One of the 21 bla _NDM-1 producing isolates was identified equally subsp. ozaenae (isolate no. 500A, cultured from sputum). The bla _NDM-1 producers were mostly cultured from urine (10, 47.5%), followed by sputum (9, 42.9%), wound and blood (ane, 4.8% for each of them). Carbapenemase encoding gene, including either of the bla _OXA-48, bla _NDM-1, or bla _IMP-was detected in 43 strains out of 55 carbapenem resistant (resistant to at least i of the three carbapenems) isolates (78.2%, P< 0.001), and the two bla _IMP- carrying strains were found susceptible to carbapenems. All of the bla _NDM-1 conveying strains were found non-susceptible to carbapenems, with the MICs ranging from 1.5 to > 32 µg/ml [ix]. Every bit compared to bla _NDM negative isolates, bla _NDM-1 carrying strains showed significantly higher carriage rates of any resistance determinants (PMQR, ARD or β-lactamases) and higher resistance rates confronting whatever studied antibiotics (P< 0.001) (Fig.i). Of the ARD studied, the presence of armA (P: 0.01), aac6Ib (P< 0.001), and aac3IIa (P< 0.001) was associated with resistant phenotype to any of the aminoglycoside antibiotics. Of the PMQR determinants, the wagon of qnrS (P< 0.001) and/or aac6-Ib-cr (P: 0.03) genes was associated with resistance to whatsoever of the fluoroquinolones. For β-lactamase genes, isolates harbouring the bla _TEM-, bla _SHV-, bla _OXA-1 and/or CTX-M-G1 were resistant to any of the three studied cephalosporins (P< 0.001).

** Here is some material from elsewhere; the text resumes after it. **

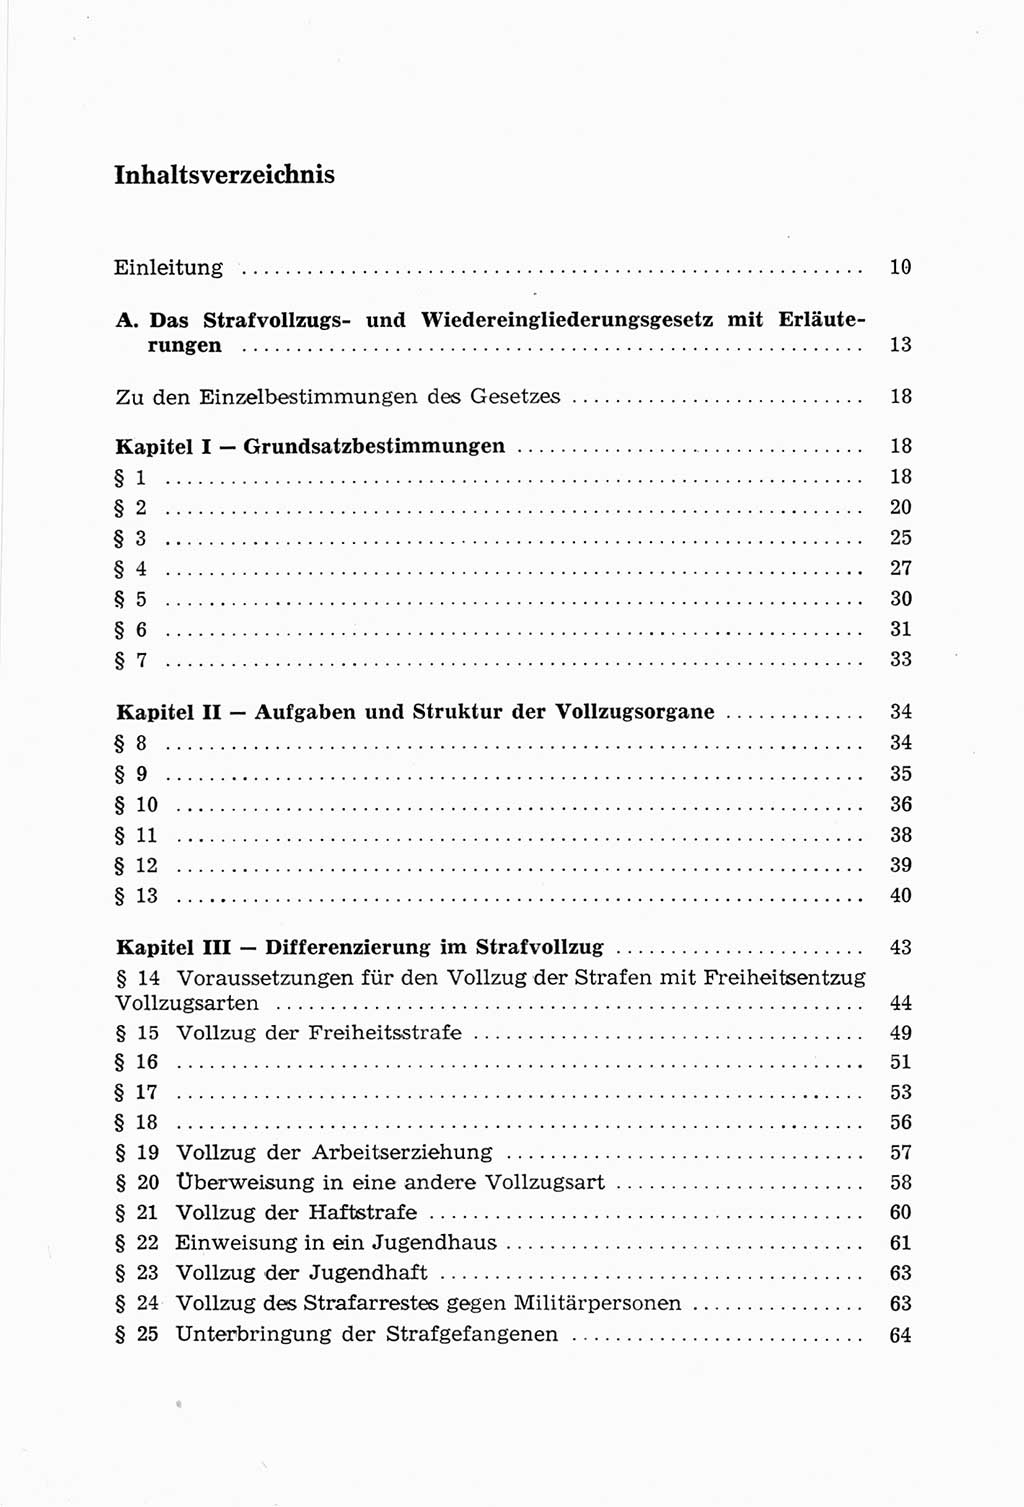 Strafvollzugs- und Wiedereingliederungsgesetz (SVWG) der Deutschen Demokratischen Republik (DDR) 1968, Seite 5 (SVWG DDR 1968, S. 5)

Frequency (pct) of any resistance determinants, and resistant phenotype to whatever carbapenems, whatsoever cephalosporins, fluoroquinolones and any aminoglycosides in two groups of NDM positive and negative isolates. Whatever carbapenemase: bla _OXA-48, bla _NDM-1, bla _IMP-; any PMQR: qnrB, qnrS, aac6Ib-cr; any β-lactamase (BL): bla _TEM-, bla _SHV-, CTX-Grand, bla _OXA-1; any ARD: aac3IIa, aac6Ib, armA, rmtC

The resistance determinants which detected significantly amid NDM producers were bla _OXA-48, bla _TEM-, bla _SHV-, bla _OXA-1, armA, aac3IIa, aac-6Ib, aac6-Ib-cr, qnrS, and CTX-M-G1. The co-carriage of rmtC and bla _NDM-1 was not constitute statistically significant, all the same this association was on the border of significance (P: 0.06).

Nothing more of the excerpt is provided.